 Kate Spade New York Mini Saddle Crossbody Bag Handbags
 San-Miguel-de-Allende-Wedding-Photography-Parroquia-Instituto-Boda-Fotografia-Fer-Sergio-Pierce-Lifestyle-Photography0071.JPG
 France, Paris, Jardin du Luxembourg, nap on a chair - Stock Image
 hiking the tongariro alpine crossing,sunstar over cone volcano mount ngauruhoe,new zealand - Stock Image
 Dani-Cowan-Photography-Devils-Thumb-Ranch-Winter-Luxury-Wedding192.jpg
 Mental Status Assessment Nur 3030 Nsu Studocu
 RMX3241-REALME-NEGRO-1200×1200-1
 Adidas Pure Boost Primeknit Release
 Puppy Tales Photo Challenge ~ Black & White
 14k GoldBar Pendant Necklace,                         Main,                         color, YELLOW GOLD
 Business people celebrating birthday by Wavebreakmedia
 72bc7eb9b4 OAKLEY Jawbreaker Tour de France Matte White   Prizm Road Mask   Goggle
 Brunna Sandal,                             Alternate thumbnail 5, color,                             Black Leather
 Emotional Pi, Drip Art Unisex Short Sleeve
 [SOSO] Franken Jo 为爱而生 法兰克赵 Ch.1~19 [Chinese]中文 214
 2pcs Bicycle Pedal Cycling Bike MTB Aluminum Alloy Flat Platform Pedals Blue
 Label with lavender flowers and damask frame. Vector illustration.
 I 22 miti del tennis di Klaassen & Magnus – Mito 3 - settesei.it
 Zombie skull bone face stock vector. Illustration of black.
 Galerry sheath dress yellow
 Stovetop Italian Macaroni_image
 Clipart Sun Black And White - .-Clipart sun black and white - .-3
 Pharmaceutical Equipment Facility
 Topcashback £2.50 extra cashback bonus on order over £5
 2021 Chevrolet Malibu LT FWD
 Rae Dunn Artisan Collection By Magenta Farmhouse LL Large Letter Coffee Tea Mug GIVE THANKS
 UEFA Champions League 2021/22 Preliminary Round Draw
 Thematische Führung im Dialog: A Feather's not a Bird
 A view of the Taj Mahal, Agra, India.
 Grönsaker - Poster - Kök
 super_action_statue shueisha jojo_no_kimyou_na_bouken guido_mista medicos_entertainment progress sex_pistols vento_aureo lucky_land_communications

* **What is being asked**
For the material above, reproduce exactly the lines from the line with "14k GoldBar Pendant" to the line with "2pcs Bicycle Pedal", inclusive, and exclude all others.

* **Answer to this task**
 14k GoldBar Pendant Necklace,                         Main,                         color, YELLOW GOLD
 Business people celebrating birthday by Wavebreakmedia
 72bc7eb9b4 OAKLEY Jawbreaker Tour de France Matte White   Prizm Road Mask   Goggle
 Brunna Sandal,                             Alternate thumbnail 5, color,                             Black Leather
 Emotional Pi, Drip Art Unisex Short Sleeve
 [SOSO] Franken Jo 为爱而生 法兰克赵 Ch.1~19 [Chinese]中文 214
 2pcs Bicycle Pedal Cycling Bike MTB Aluminum Alloy Flat Platform Pedals Blue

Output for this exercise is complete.